From the line holding "Euronet Worldwide" through the line holding "Pastel Colors Background" below, write out every line exactly; include both of those lines and drop the pictures.

***** Dataset records *****

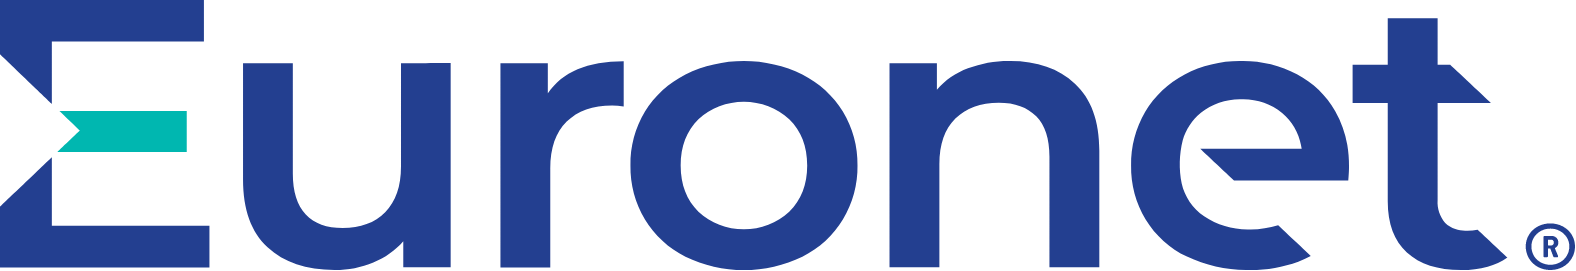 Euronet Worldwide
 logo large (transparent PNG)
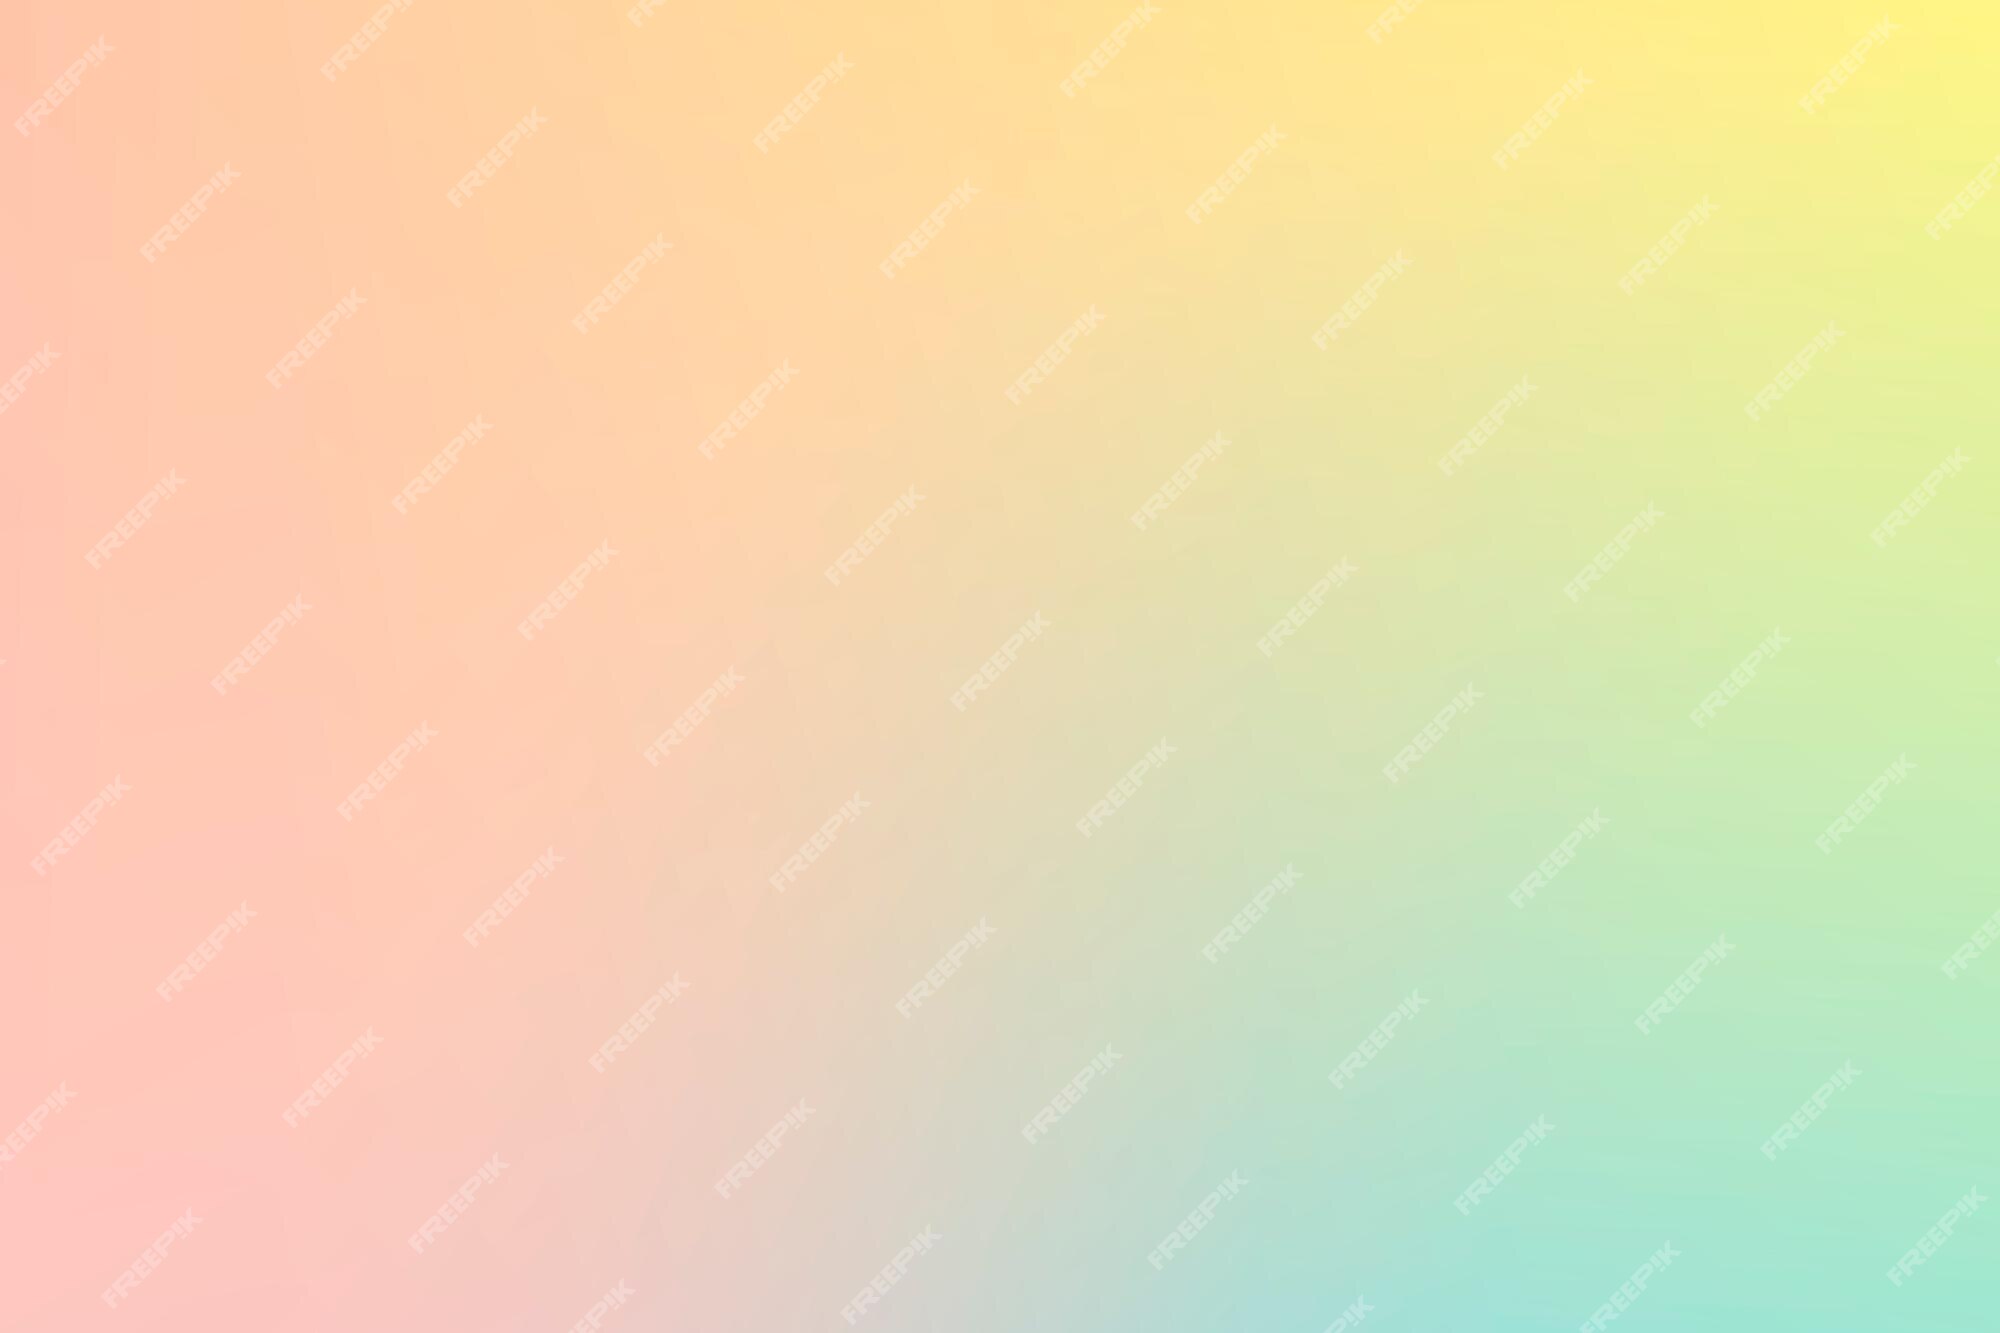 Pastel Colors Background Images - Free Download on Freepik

*****
***** Dataset records *****

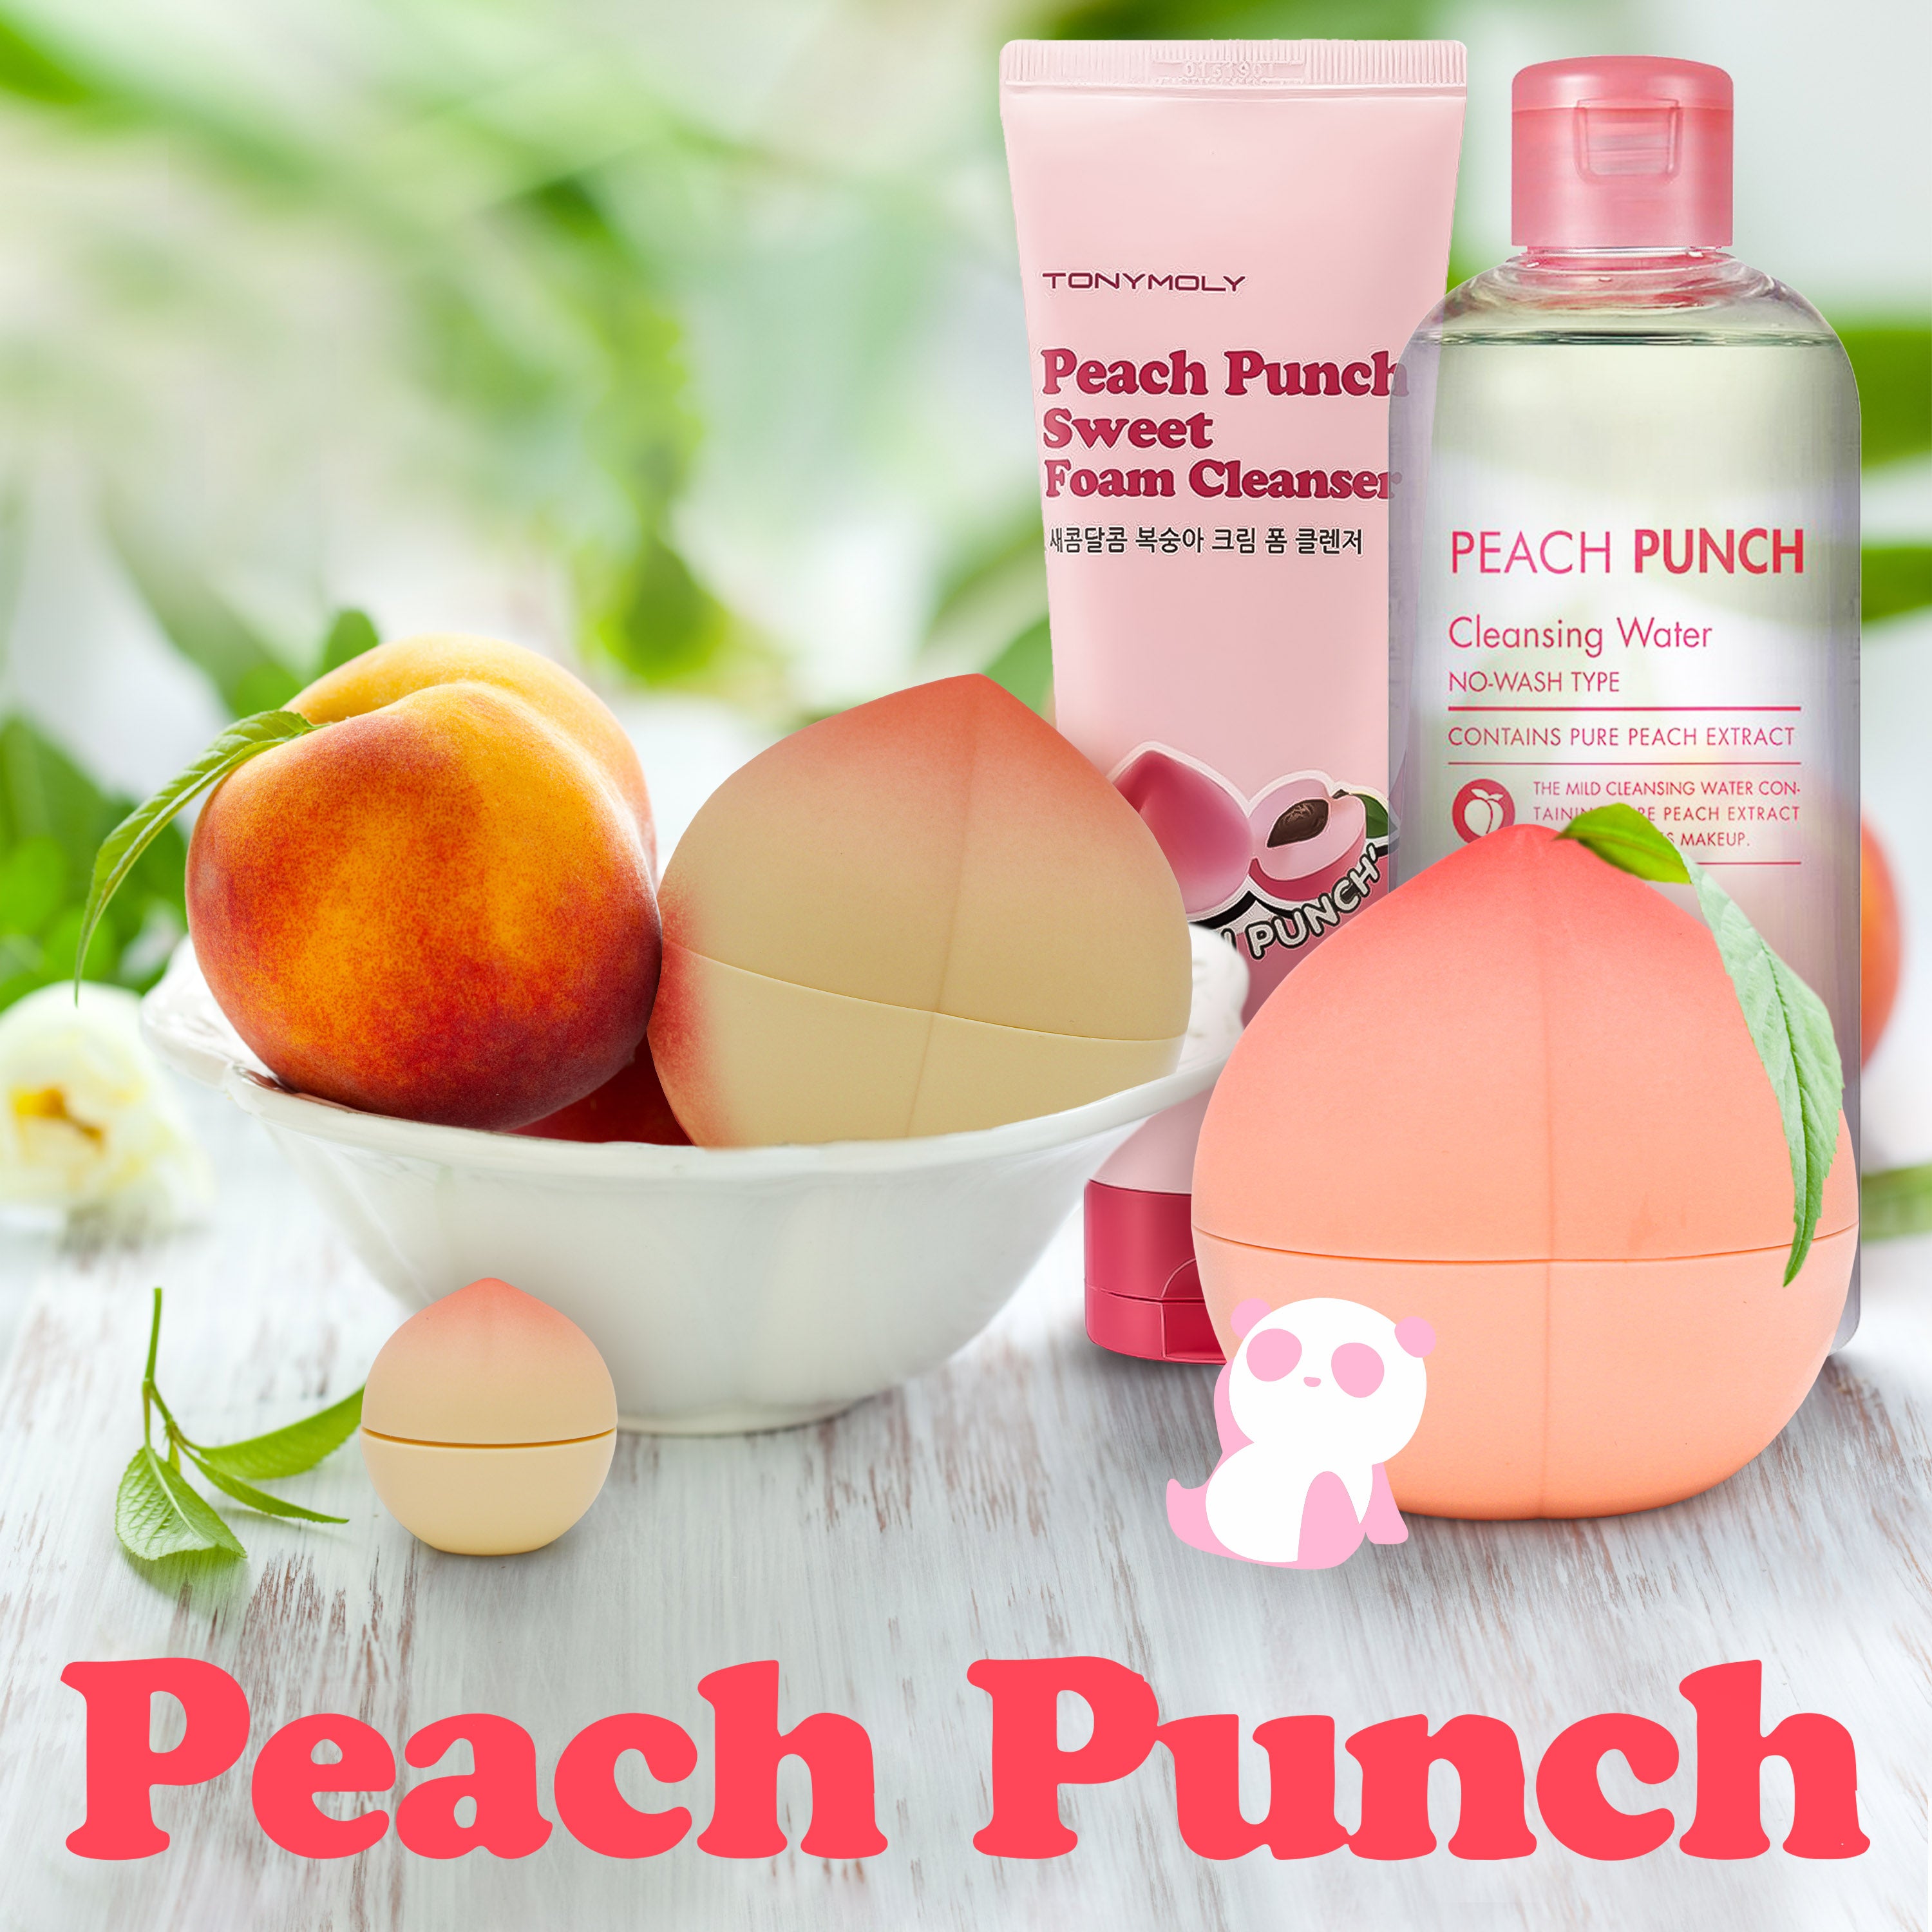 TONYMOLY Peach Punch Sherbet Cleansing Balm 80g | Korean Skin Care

*****

* [Solution]
 Euronet Worldwide
 logo large (transparent PNG)
 Pastel Colors Background Images - Free Download on Freepik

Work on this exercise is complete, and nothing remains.